The whole of Crisler Arena burst like a maize and blue fireworks show, as players leapt out of their seats with the same look of disbelief that most fans wore all season. The team that wouldn’t win, couldn’t win, had won.

It’s a theme that’s been missing from Michigan sports the last few years. It’s something that you could see written all over Novak’s face as his grin went ear to ear for the rest of the bracket selection.

I’ve written plenty the last year or so in this column about how Michigan sports (read: mostly football) have underachieved, missed out on opportunities and generally just not carried themselves as Michigan teams should.

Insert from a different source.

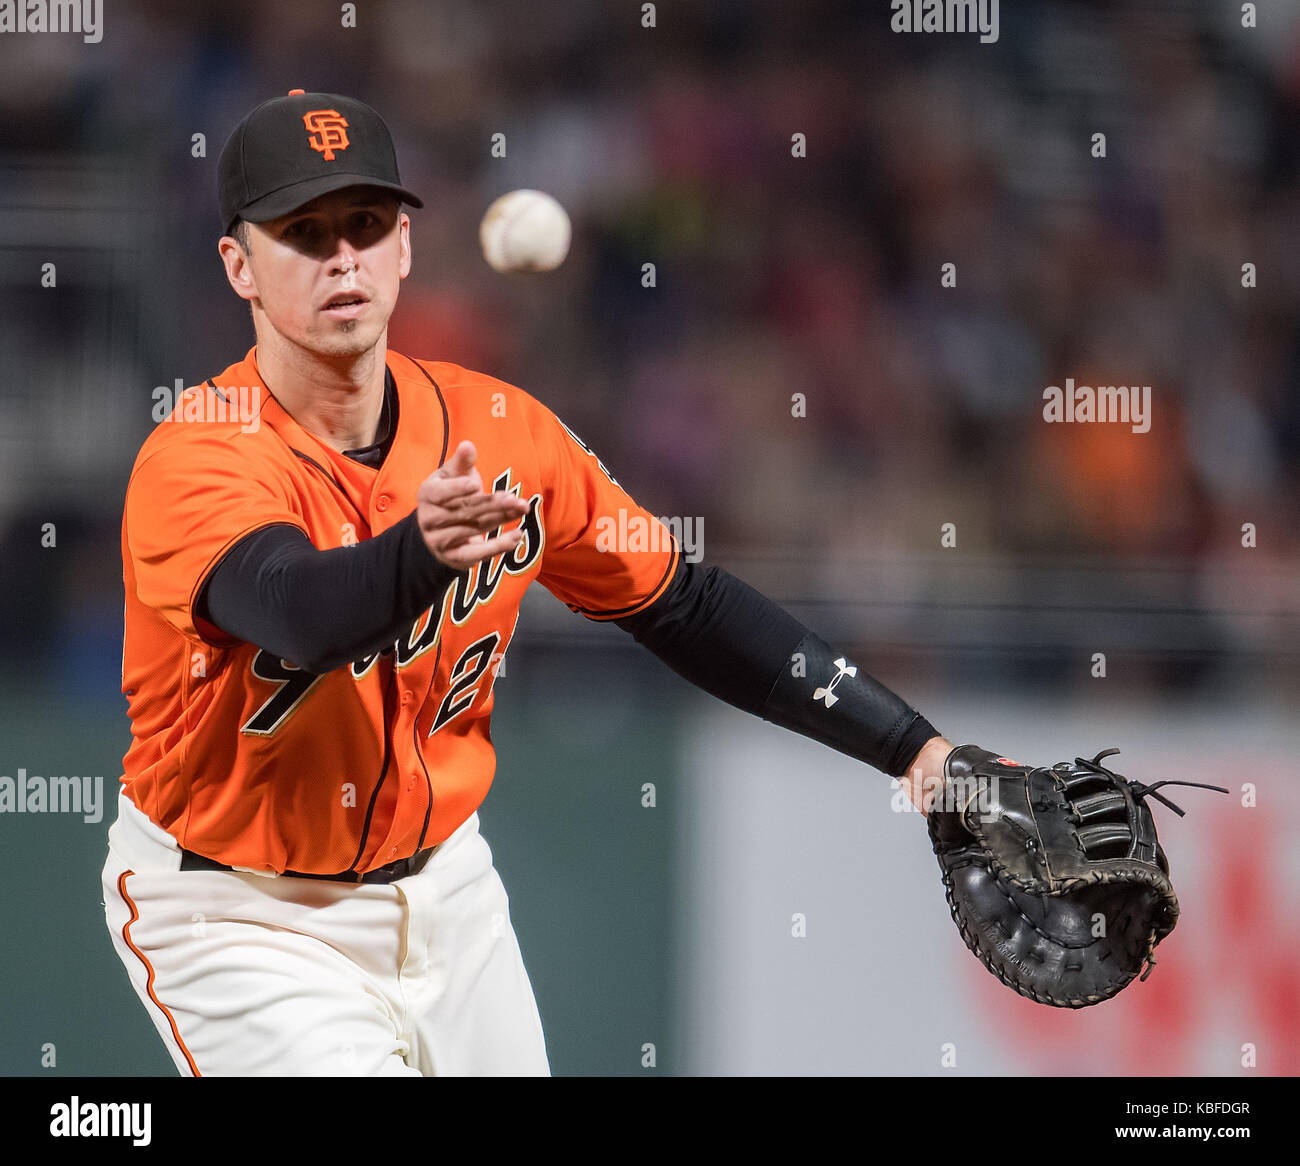 San Francisco, California, USA. 29th Sep, 2017. San Francisco Giants first baseman Buster Posey (28) makes a toss Chris Stratton (not shown) to end the second inning, during a MLB game between the San Diego Padres and the San Francisco Giants at AT&T Park in San Francisco, California. Valerie Shoaps/CSM/Alamy Live News Stock Photo

I don’t need to tell you that the football team gave up at times this year — the lack of execution speaks for itself. And it took me until last night, watching the faces of a young, inexperienced squad of Michigan athletes, to understand why this basketball team was so different from the past three football teams.

This team has heart. And a hell of a lot of it.

It also has a coach that its players and fans can trust, through thick or thin.

“(This team) wasn’t going to win on experience,” Michigan Athletic Director Dave Brandon said as the pandemonium died down inside Crisler Arena. “It wasn’t going to win because it played an easy schedule in an easy conference. This was all about heart — and great coaching.”

Michigan sports teams are supposed to have both of those at all times. They’re supposed to overachieve, shock and intimidate — that’s what makes the alumni and fan network so vast and the list of wins so long.

That’s why underachieving coaches get fired after three seasons. That’s why new coaches are hired who can unite first and win soon after.

It’s a winning formula that has been written in pen through all the NCAA history books in maize and blue. You don’t become the winningest program in college football history without that formula. Or a softball powerhouse. Or an Olympic swimming legend. Or even the best water polo program in the East.

It’s what makes much of the remainder of the country despise Michigan fans. It’s why the rest of the country hated the Fab Five. Fans and students have all heard people mock the concept of “The Michigan Difference” — the idea that Michigan is a notch above the rest, especially when it comes to sports.

And it’s that formula that made “The Michigan Difference.” It’s that formula that won the 1989 National Championship when the Wolverines weren’t supposed to. It’s that formula that put Novak on his feet to a raucous Crisler Arena crowd, all watching CBS’s Selection Sunday coverage.

Novak knew the formula before he got off the plane this summer from Europe. And it was clear as the season unfolded that the rest of his team learned it — and fast.

The question is whether the rest of the Michigan sports landscape can learn the same thing from a young, ragtag group of players whose heart was stronger than a nation full of doubts.